» Brief:
Up to the line containing "So sieht angeblich", nothing is kept; from that line through the end of the data below, output every line exactly.

Start of Block

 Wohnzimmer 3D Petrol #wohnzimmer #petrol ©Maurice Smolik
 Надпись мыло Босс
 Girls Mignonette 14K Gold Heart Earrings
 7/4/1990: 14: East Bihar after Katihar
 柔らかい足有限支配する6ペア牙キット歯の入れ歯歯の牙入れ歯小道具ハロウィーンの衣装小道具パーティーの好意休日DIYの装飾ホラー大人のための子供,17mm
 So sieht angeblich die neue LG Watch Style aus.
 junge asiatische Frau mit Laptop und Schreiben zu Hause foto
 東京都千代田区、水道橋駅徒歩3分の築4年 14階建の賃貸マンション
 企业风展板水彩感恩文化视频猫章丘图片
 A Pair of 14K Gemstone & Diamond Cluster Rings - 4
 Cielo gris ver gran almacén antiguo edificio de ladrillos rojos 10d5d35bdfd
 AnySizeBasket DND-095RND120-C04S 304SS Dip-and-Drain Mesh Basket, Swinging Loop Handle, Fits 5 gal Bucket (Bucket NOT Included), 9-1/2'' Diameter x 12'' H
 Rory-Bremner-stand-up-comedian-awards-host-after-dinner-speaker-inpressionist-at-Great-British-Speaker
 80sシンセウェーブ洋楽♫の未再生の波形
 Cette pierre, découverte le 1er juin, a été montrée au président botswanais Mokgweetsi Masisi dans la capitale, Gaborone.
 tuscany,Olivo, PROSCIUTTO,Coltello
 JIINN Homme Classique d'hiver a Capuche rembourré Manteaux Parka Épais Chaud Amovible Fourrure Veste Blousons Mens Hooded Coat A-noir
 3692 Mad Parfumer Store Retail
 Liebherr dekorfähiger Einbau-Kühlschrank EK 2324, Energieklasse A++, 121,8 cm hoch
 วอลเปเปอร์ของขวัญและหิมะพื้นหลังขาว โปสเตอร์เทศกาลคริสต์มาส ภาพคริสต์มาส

End of Block

» Exercise output:
 So sieht angeblich die neue LG Watch Style aus.
 junge asiatische Frau mit Laptop und Schreiben zu Hause foto
 東京都千代田区、水道橋駅徒歩3分の築4年 14階建の賃貸マンション
 企业风展板水彩感恩文化视频猫章丘图片
 A Pair of 14K Gemstone & Diamond Cluster Rings - 4
 Cielo gris ver gran almacén antiguo edificio de ladrillos rojos 10d5d35bdfd
 AnySizeBasket DND-095RND120-C04S 304SS Dip-and-Drain Mesh Basket, Swinging Loop Handle, Fits 5 gal Bucket (Bucket NOT Included), 9-1/2'' Diameter x 12'' H
 Rory-Bremner-stand-up-comedian-awards-host-after-dinner-speaker-inpressionist-at-Great-British-Speaker
 80sシンセウェーブ洋楽♫の未再生の波形
 Cette pierre, découverte le 1er juin, a été montrée au président botswanais Mokgweetsi Masisi dans la capitale, Gaborone.
 tuscany,Olivo, PROSCIUTTO,Coltello
 JIINN Homme Classique d'hiver a Capuche rembourré Manteaux Parka Épais Chaud Amovible Fourrure Veste Blousons Mens Hooded Coat A-noir
 3692 Mad Parfumer Store Retail
 Liebherr dekorfähiger Einbau-Kühlschrank EK 2324, Energieklasse A++, 121,8 cm hoch
 วอลเปเปอร์ของขวัญและหิมะพื้นหลังขาว โปสเตอร์เทศกาลคริสต์มาส ภาพคริสต์มาส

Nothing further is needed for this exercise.